S'il s'agit du sens le moins partagé en Israël, il gagne en visibilité par l'intermédiaire des ultranationalistes qui noyautent la coalition de Benyamin Netanyahou. Comme le rappelle i24NEWS, « en mars 2023, le ministre des Finances, Bezalel Smotrich, avait déjà provoqué la colère de la Jordanie en apparaissant à Paris devant une carte intégrant des territoires jordaniens, conduisant Israël à réaffirmer son engagement envers le traité de paix de 1994 avec Amman ».
« Les délires présentant un État d'Israël allant du Nil à l'Euphrate, conformément à un plan expansionniste secret visant à annexer une partie substantielle de l'Égypte, mais aussi de plusieurs pays arabes, relèvent du pur fantasme complotiste », estime Rudy Reichstadt.
Risque d'escalade
Quel que soit « le Grand Israël » auquel Benyamin Netanyahou affirme adhérer, ses déclarations ont déclenché un tollé dans la région. L'Égypte « a demandé des clarifications à ce sujet, au vu de ce que cela reflète en termes de provocation à l'instabilité, de rejet de l'option de la paix dans la région et d'insistance sur l'escalade ». Côté jordanien, on fustige une « dangereuse escalade provocatrice et une menace à la souveraineté des pays ».
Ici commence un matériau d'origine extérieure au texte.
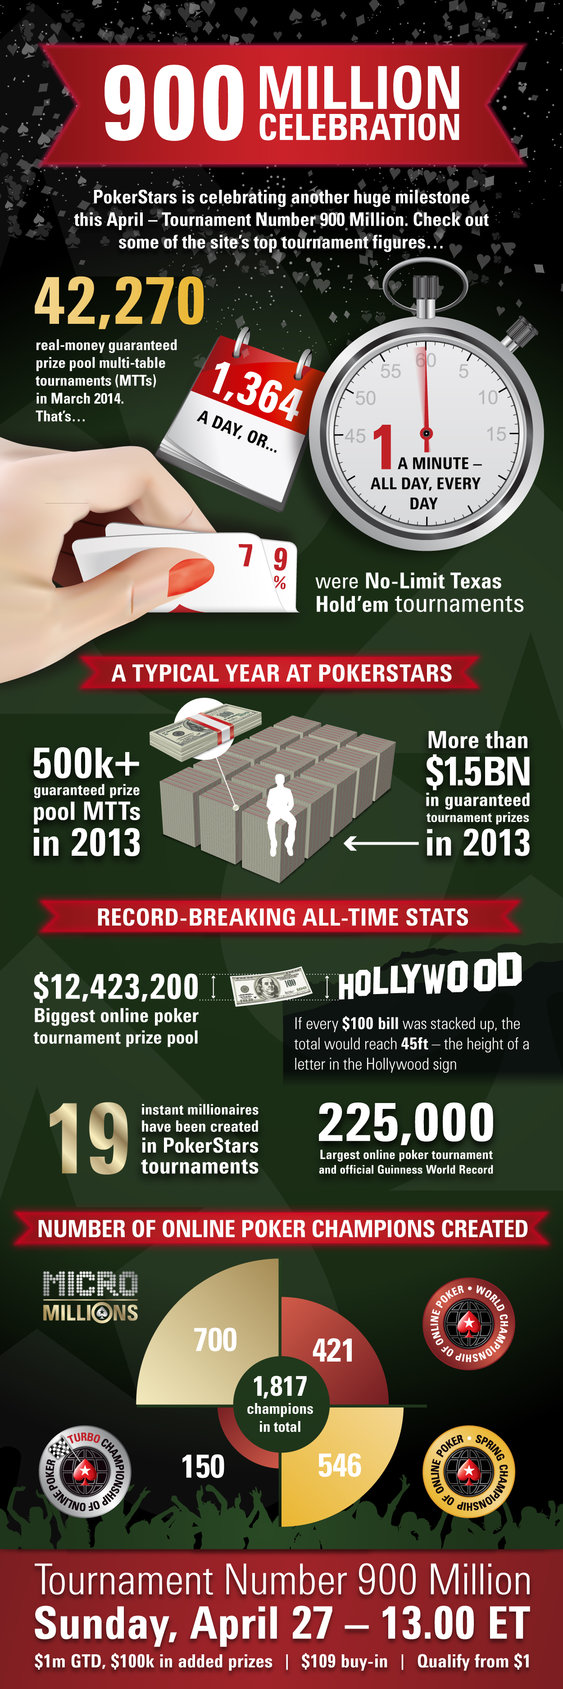 PokerStars 900 Million Celebration Infographic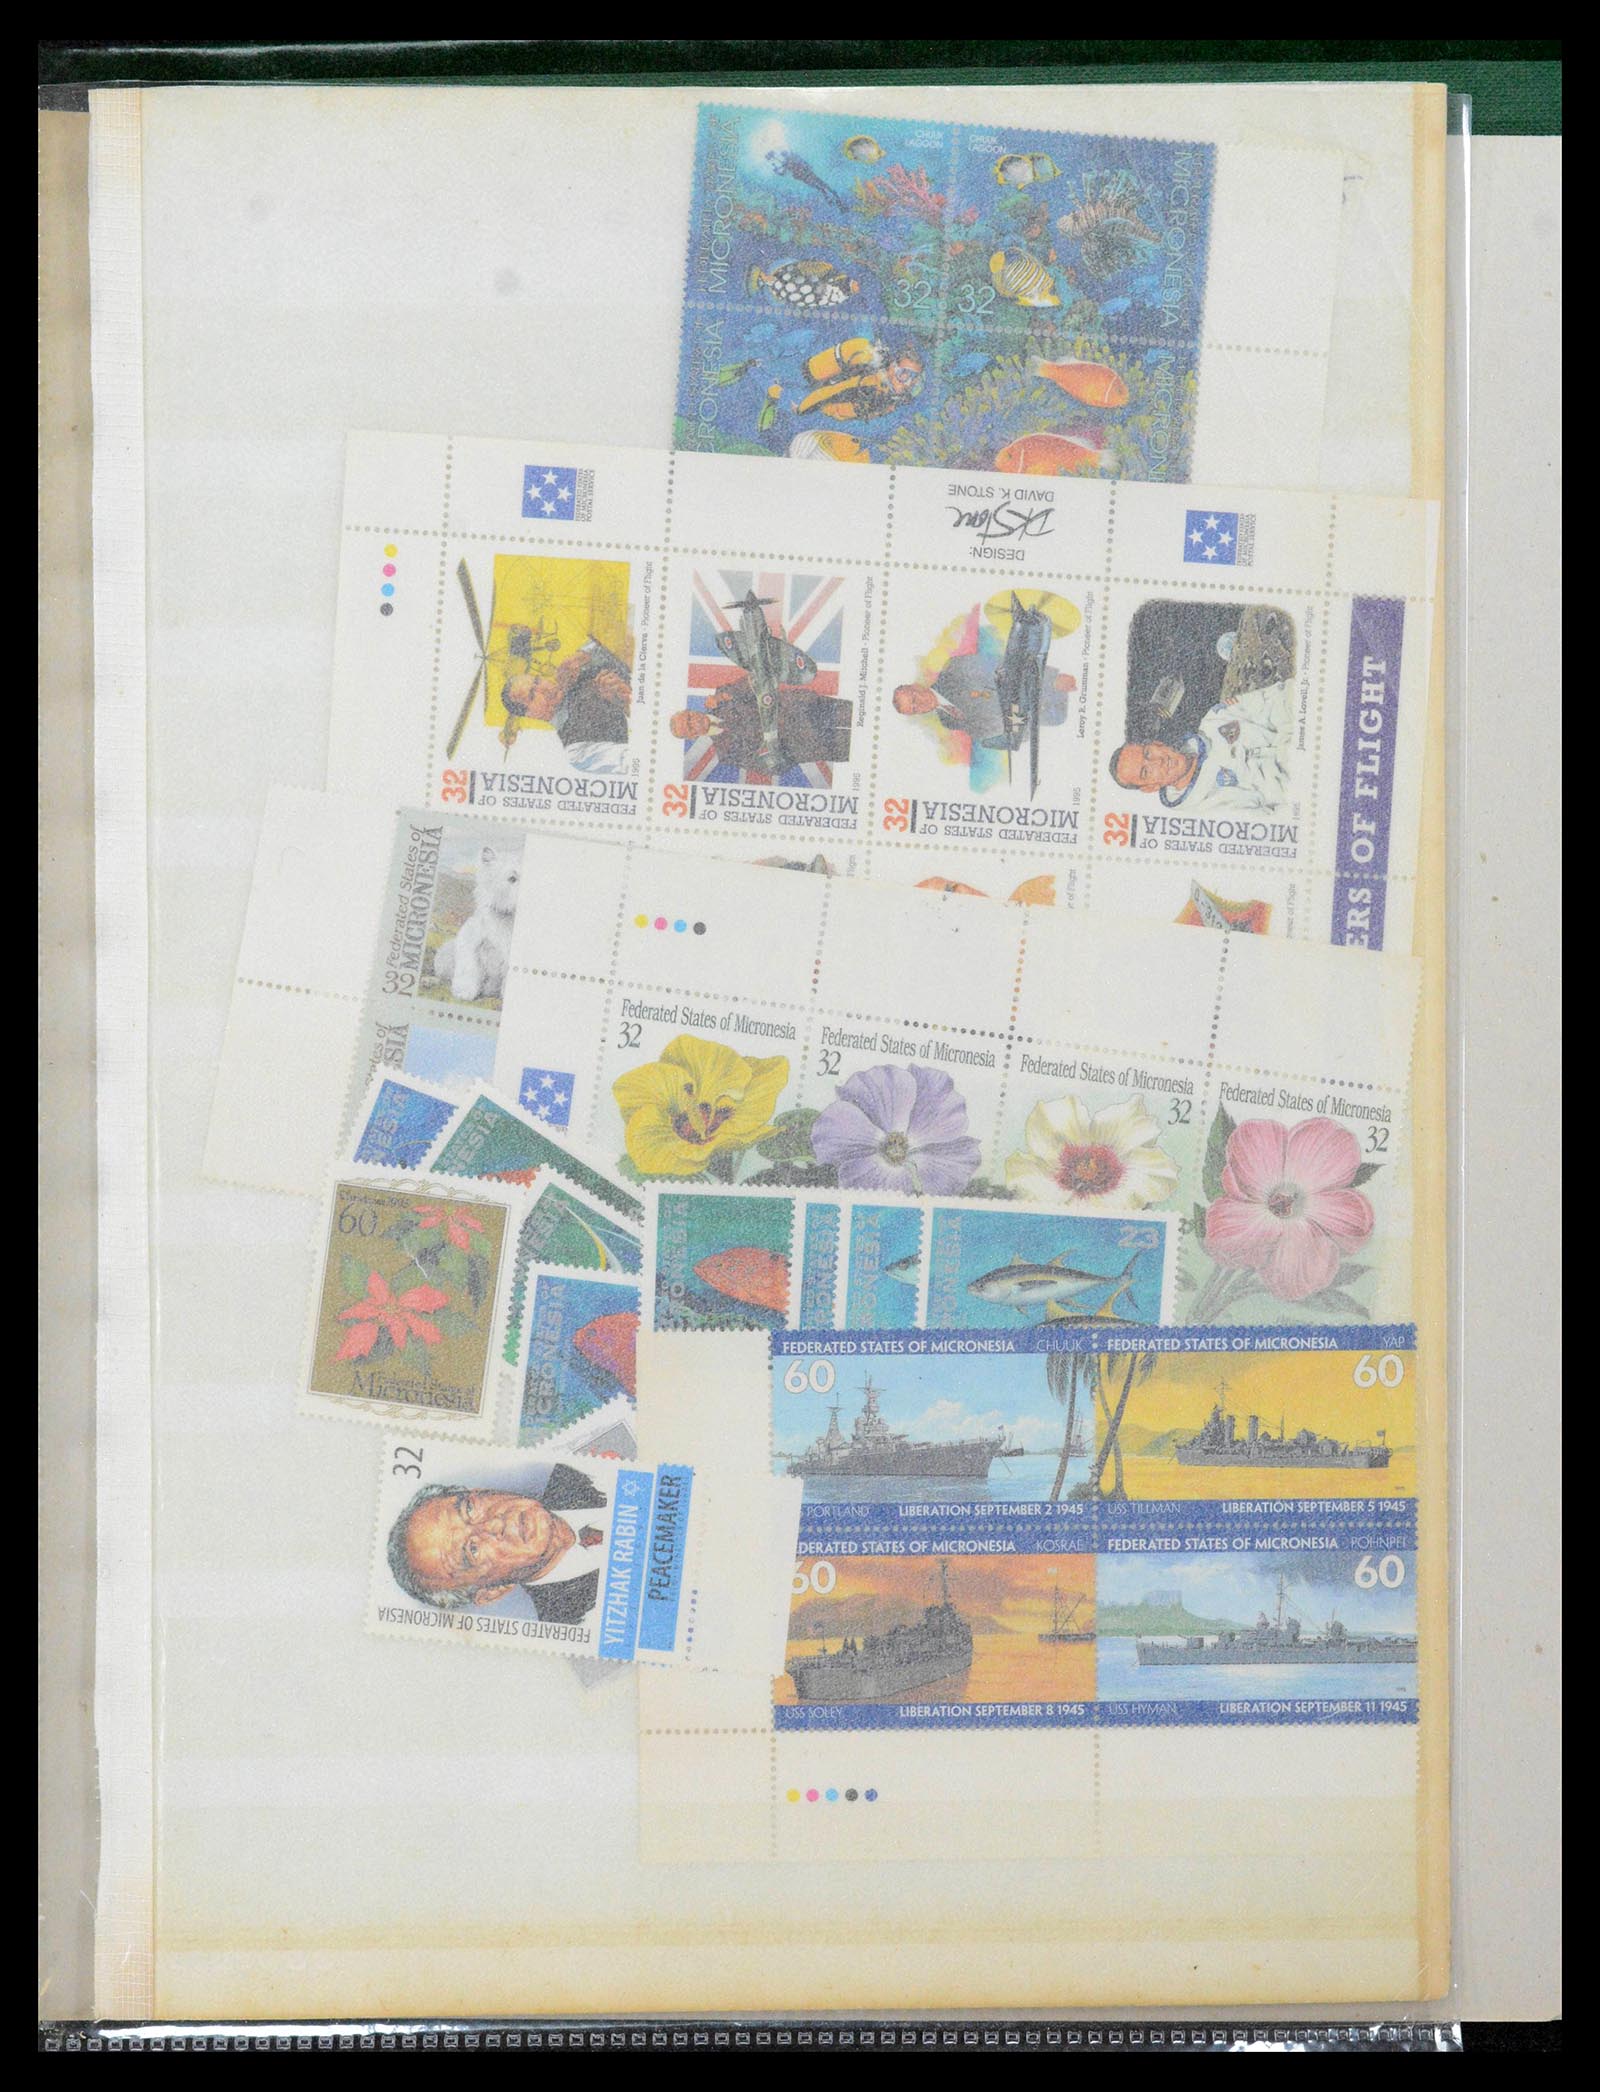 39222 0109 - Stamp collection 39222 Palau, Micronesia and Marshall islands 1980-1995.

En Irak, le ministère des Affaires étrangères a condamné « les déclarations émanant de l'entité d'occupation concernant ce qui est appelé la vision du Grand Israël, et qui révèlent clairement les ambitions expansionnistes de cette entité ». Pour sa part, l'Arabie saoudite a exprimé « son rejet total des idées et projets de colonisation et d'expansion adoptés par les autorités d'occupation israéliennes », réitérant « le droit historique et légal du peuple palestinien à établir son état indépendant ».